简体繁体 English

为NN删除数据中的异常值，好还是坏主意？

[英]Removing outlier in data for NN, good or bad idea?

原文 2019-07-30 23:28:19 9 1 python/ neural-network/ outliers

I have some data that has some outliers. 我有一些离群值的数据。 My data however has a direction to it and has trends that i need to consider when looking for outlier. 但是，我的数据具有方向性，并且在寻找异常值时需要考虑一些趋势。 What an outlier is however, is not simply a yes or no answer. 但是，离群值并不是简单的是或否答案。 The only thing i can say is that the farther away a data point is from the trend, the more likely it is, that it is an outlier i would like to not include in my data. 我唯一能说的是，数据点离趋势越远，可能性就越大，这是我不希望在数据中包含的异常值。

Given things like stand deviation, linear regressions, and the chunk of data i am looking at all depend on context, there is no static function i know of to determine if something is an outlier or not. 给定诸如看台偏差，线性回归以及我正在查看的数据块之类的所有内容都取决于上下文，因此我不知道可以用来确定某物是否为异常值的静态函数。

I can select good outliers using various techniques but the problem is, anytime you get rid of outliers, you are using context of the data you are picking the outlier from. 我可以使用各种技术选择好的离群值，但是问题是，只要摆脱了离群值，便会使用从中选取离群值的数据的上下文。

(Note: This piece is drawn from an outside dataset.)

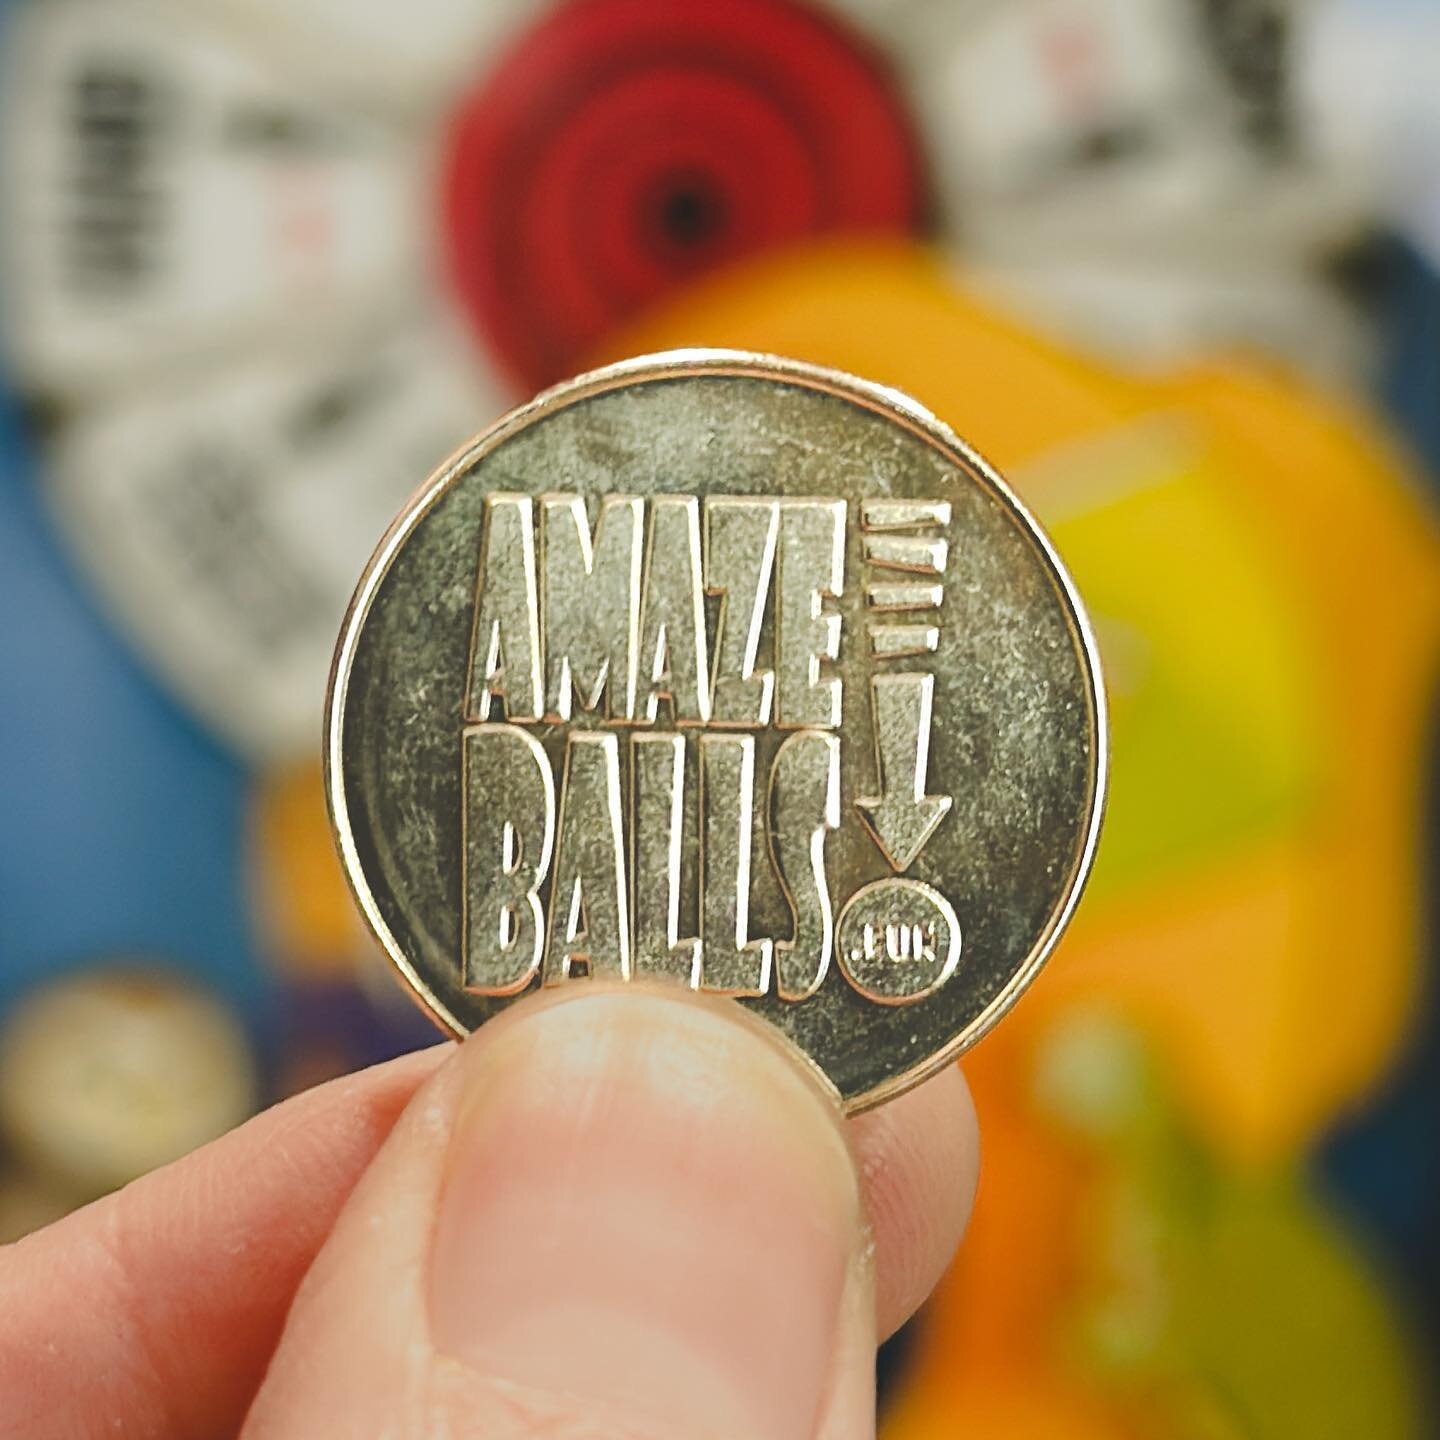 Amazeballs News!!! We are launching a new amazeballs project with a Sneak Peak @craftywonderland May 5+6. It&rsquo;s going to be Amazeballs. Literally. Follow us @amazeballs.fun 

#amazeballs.fun #pdxstartup #amazeballs #fortunesmeller #cwspringmarke

I know that when you prepare your data for a NN, data has to always be prepared the exact same way. 我知道，当您为NN准备数据时，必须始终以完全相同的方式准备数据。 That is, it goes through a set of static processes/functions. 即，它经历一组静态过程/功能。 The techniques used to select outliers, require context, and context changes, so the function changes. 用于选择离群值的技术需要上下文和上下文更改，因此功能也会更改。 I am not sure if the differences in how an outlier is selected, is enough to throw of the integrity of the model. 我不确定选择异常值的方式是否足以引起模型的完整性。

If this is true, are there any good static methods to select an outlier? 如果是这样，是否有任何好的静态方法来选择异常值？

1 个解决方案

A model-independent way of selecting outliers is based upon the distribution of errors. 选择异常值的模型独立方法是基于误差的分布。 This boils down to: 归结为：

Fit the model with all data points 用所有数据点拟合模型
Calculate the residual error for each data point 计算每个数据点的残留误差
Eliminate outliers based on some threshold 根据某个阈值消除异常值
Re-fit the model from scratch with outliers removed 从零开始重新拟合模型，并移除异常值
(Optionally repeat until a termination condition is met, eg no outliers are removed) （可选地，重复执行直到满足终止条件，例如，未移除异常值）

The threshold of elimination is problem- and metric-dependent. 消除的阈值取决于问题和度量。 One approach to outlier elimination is computing a z-score on the residual errors (subtract the mean and divide by the standard deviation of the residual errors) and then removing any points with an absolute value greater than a defined threshold (which equates to number of standard deviations from the mean at which points are identified as outliers). 一种消除异常值的方法是在残差上计算z分数（减去均值并除以残差的标准偏差），然后删除绝对值大于定义阈值（等于与均值之间的标准偏差（在这些点处识别为离群值）。

https://en.wikipedia.org/wiki/Standard_score https://zh.wikipedia.org/wiki/Standard_score

This is a general, model-independent approach that assumes residuals are normally-distributed (or at least that outliers can be reasonably identified based on relative error). 这是一种通用的，与模型无关的方法，该方法假定残差是正态分布的（或者至少可以基于相对误差合理地确定异常值）。

If you have other assumptions regarding the distribution of the residual, you can apply other probabilistic criteria (eg fit a distribution on the residual errors, then apply a probabilistic threshold for each point). 如果您对残差的分布有其他假设，则可以应用其他概率标准（例如，对残差进行分布拟合，然后对每个点应用概率阈值）。 This is more involved though, and if you don't have any belief a priori about the characteristics of the residual error distribution (other than "large errors are likely outliers") then z-score is the way to go. 但是，这涉及的更多，并且如果您对残留误差分布的特征没有先验知识（“大误差可能是异常值”除外），那么z得分是可行的方法。

The foregoing discusses how to identify outliers, but doesn't address whether you should . 前面讨论了如何识别离群值，但没有讨论是否应该 。 This is an application-dependent question. 这是一个与应用程序有关的问题。 If outliers are not informative of behavior you want to model, then they can be removed from training. 如果离群值不能提供您要建模的行为的信息，则可以将其从训练中删除。 However, if you want your model to predict average (or other metric-optimizing) behavior inclusive of outliers, then they should be retained. 但是，如果您希望模型预测包括异常值在内的平均（或其他优化指标）行为，则应保留它们。